= SUPPLIED INFORMATION =
━━━━━━━━━━━━━━━━━━━━━━━━━━━━━━

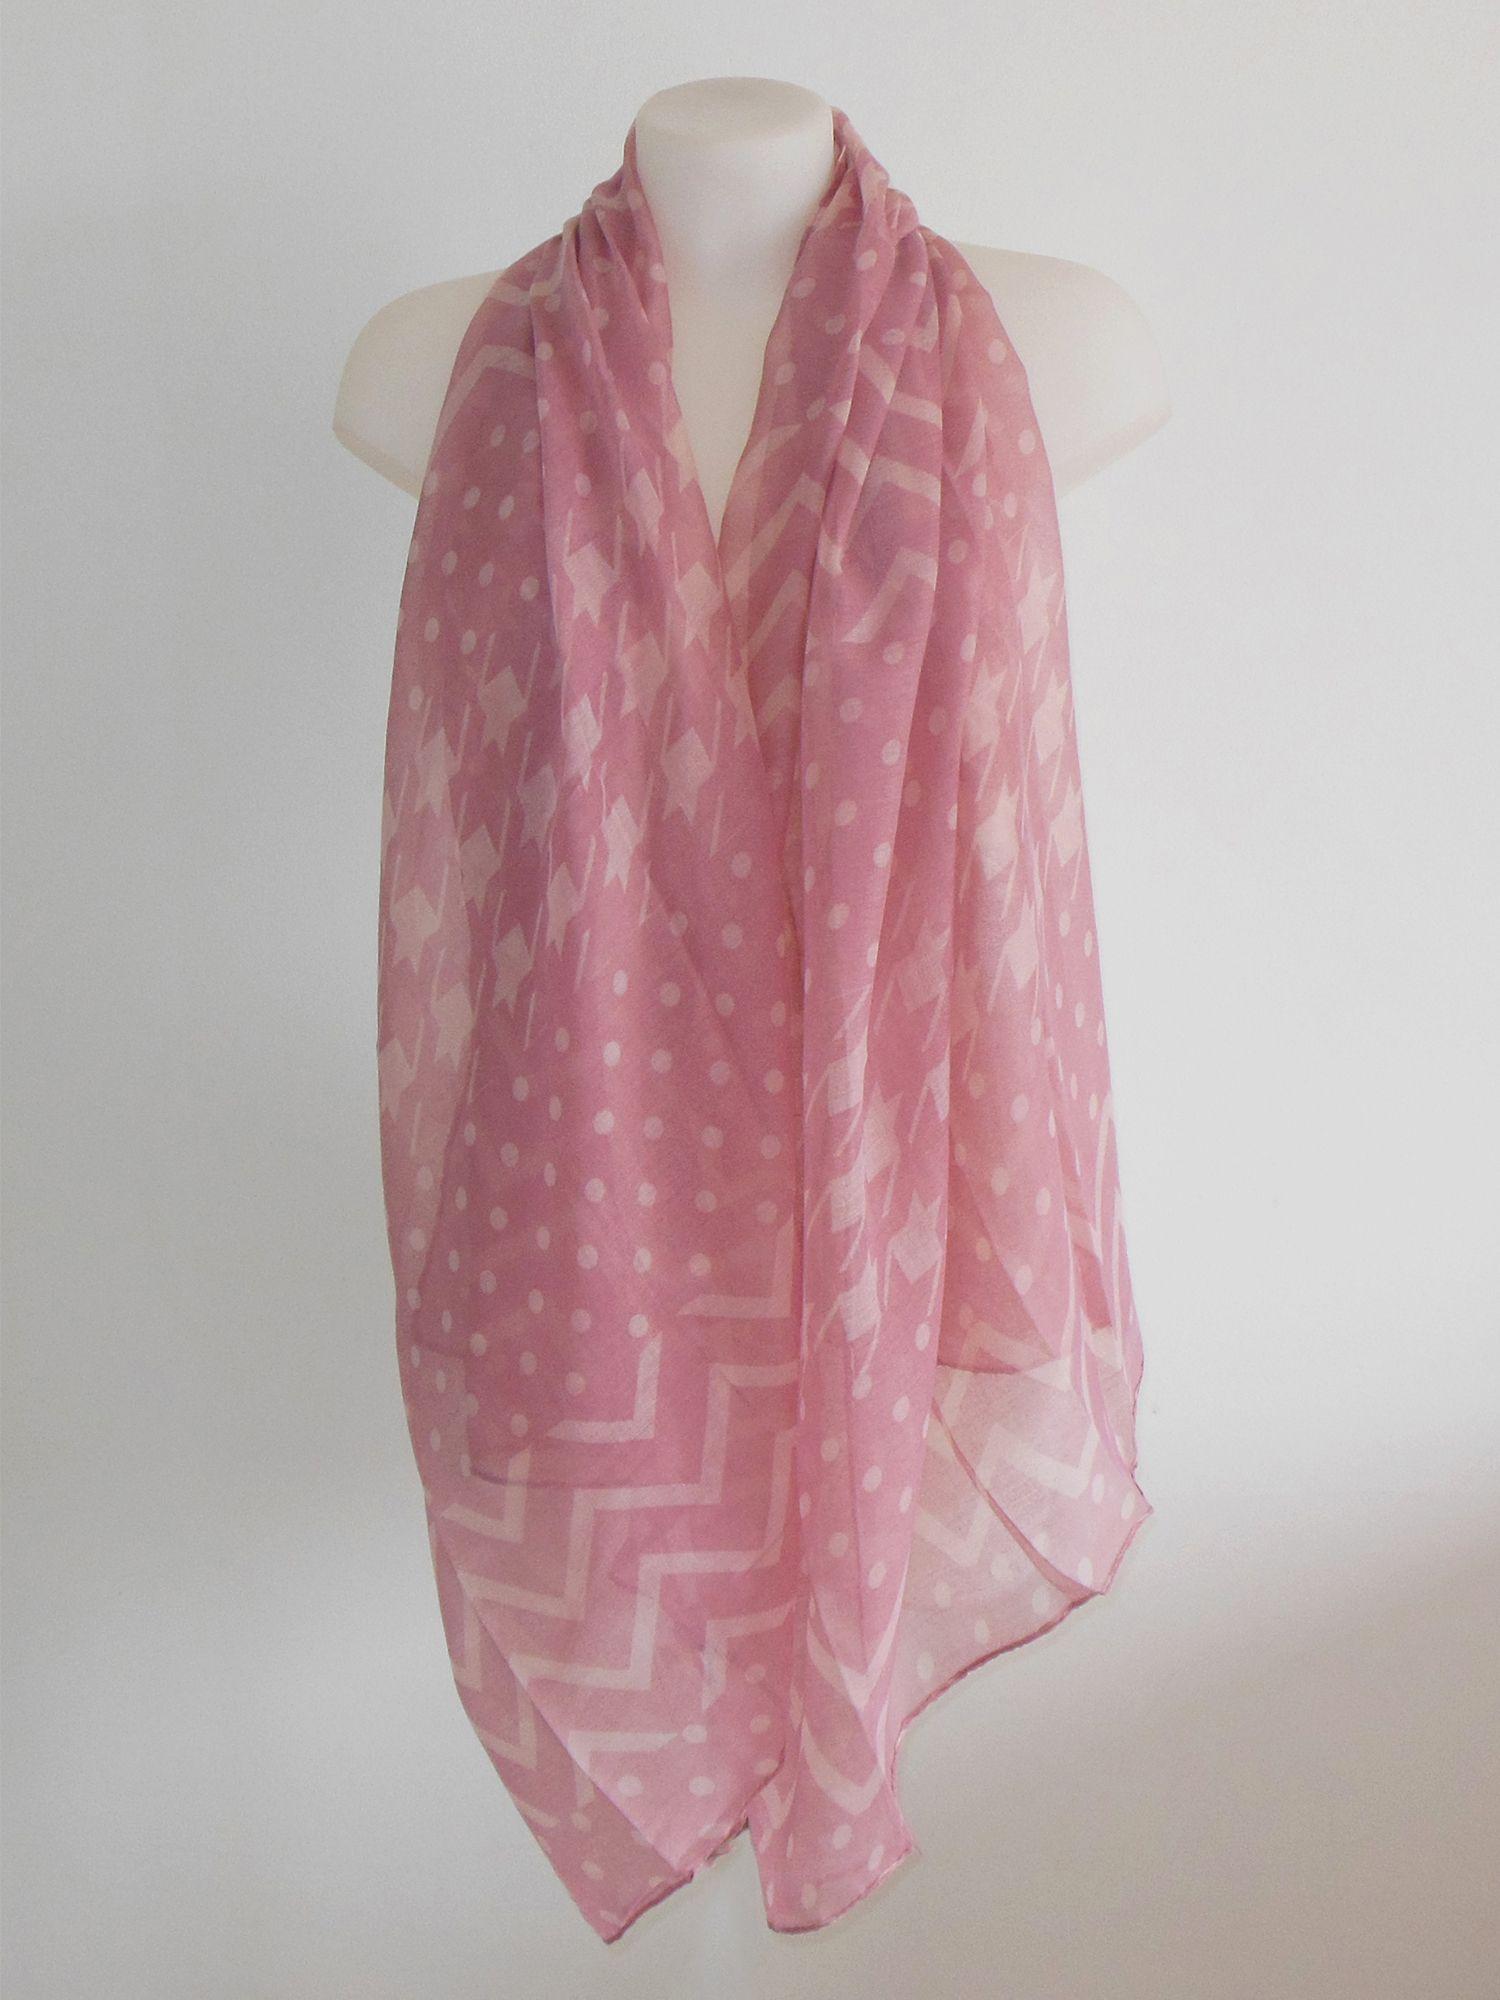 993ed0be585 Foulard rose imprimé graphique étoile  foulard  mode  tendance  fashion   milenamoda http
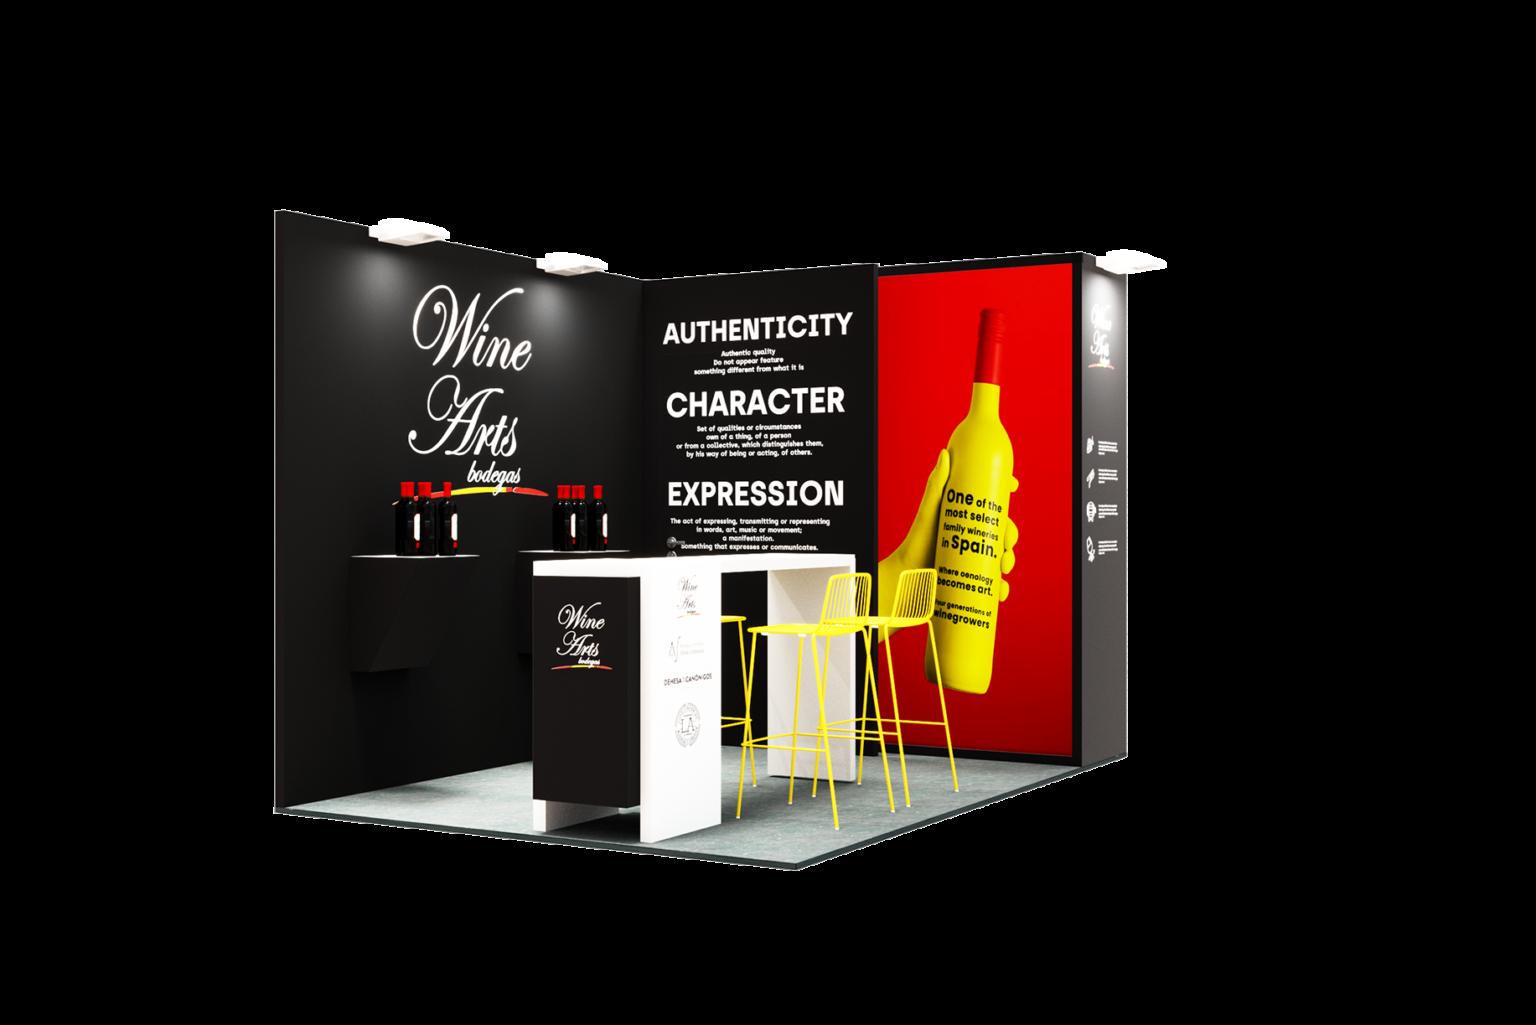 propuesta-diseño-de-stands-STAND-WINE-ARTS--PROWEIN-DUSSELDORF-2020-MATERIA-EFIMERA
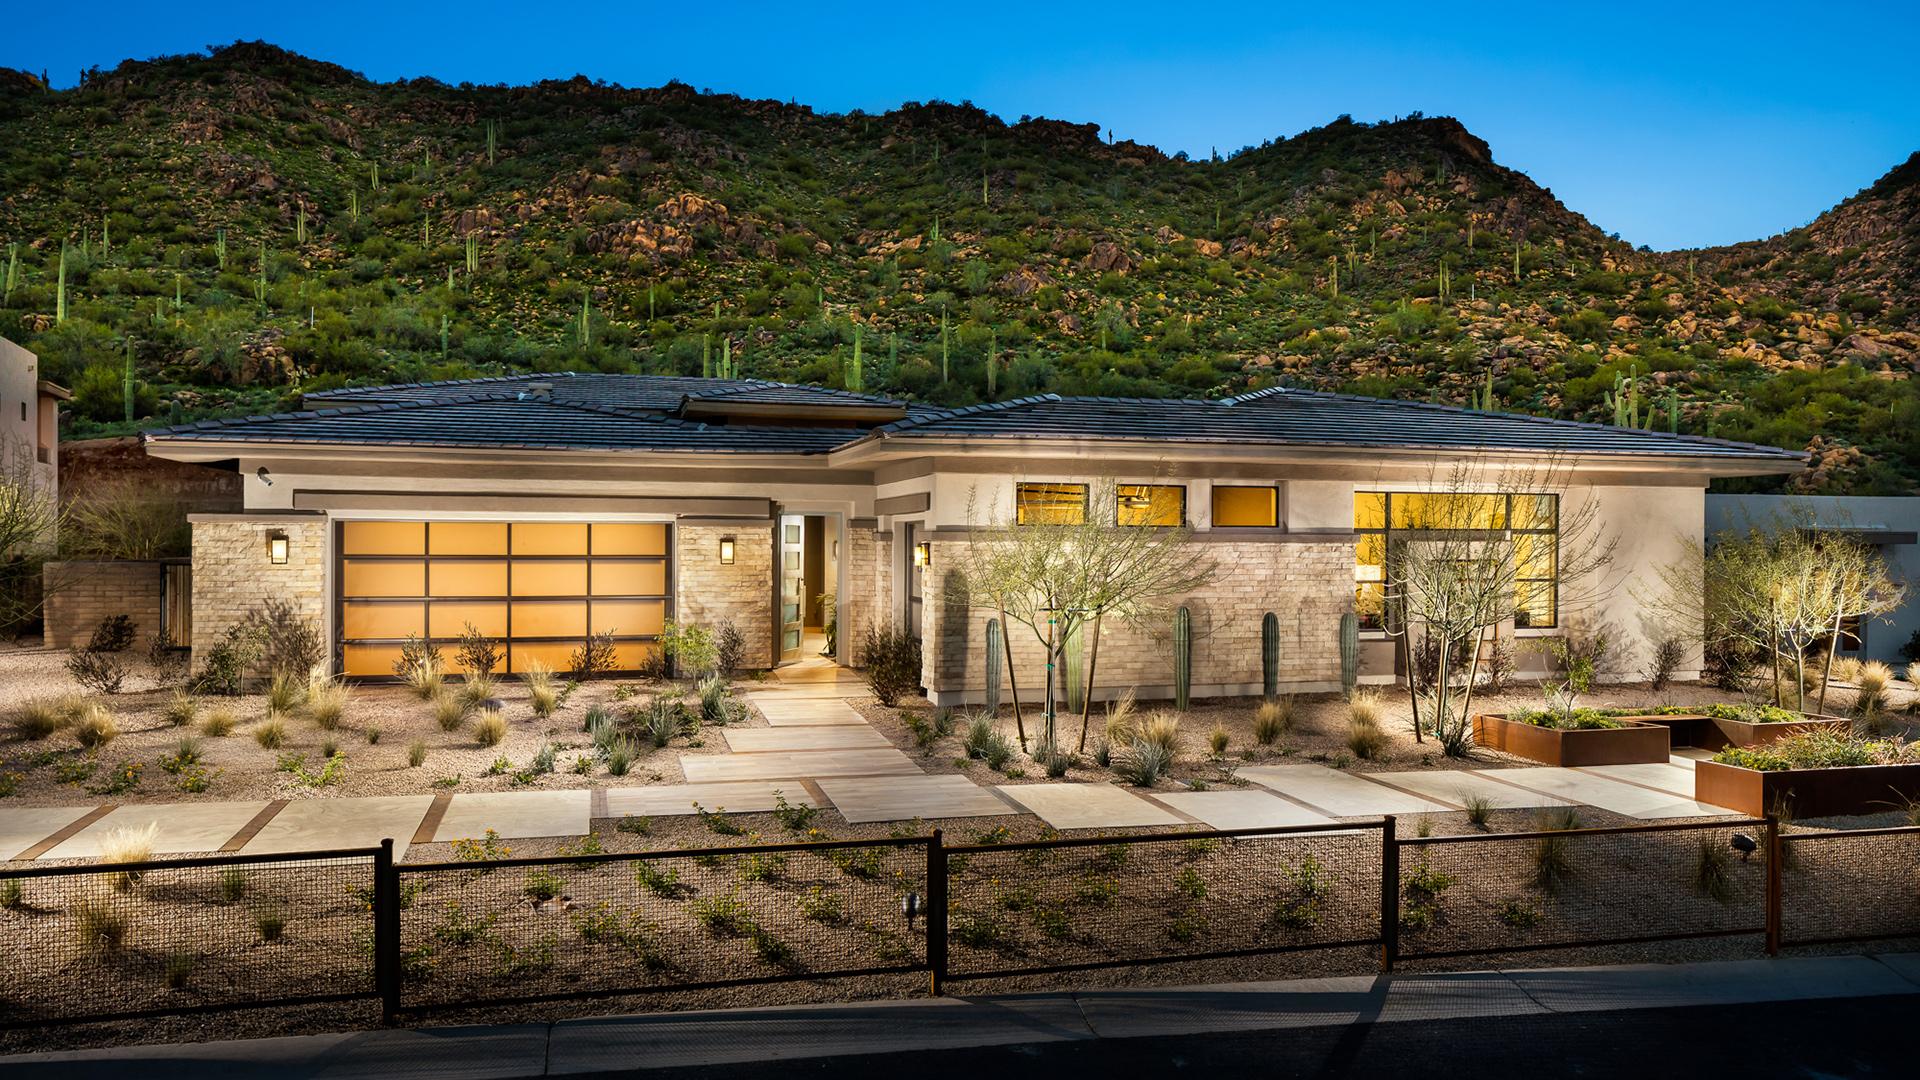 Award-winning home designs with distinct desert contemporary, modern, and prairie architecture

━━━━━━━━━━━━━━━━━━━━━━━━━━━━━━

= REQUIRED WORK =
Make an exact copy of the listing. Do not carry over its pictures.

= REPLY =
 993ed0be585 Foulard rose imprimé graphique étoile  foulard  mode  tendance  fashion   milenamoda http
 propuesta-diseño-de-stands-STAND-WINE-ARTS--PROWEIN-DUSSELDORF-2020-MATERIA-EFIMERA
 Award-winning home designs with distinct desert contemporary, modern, and prairie architecture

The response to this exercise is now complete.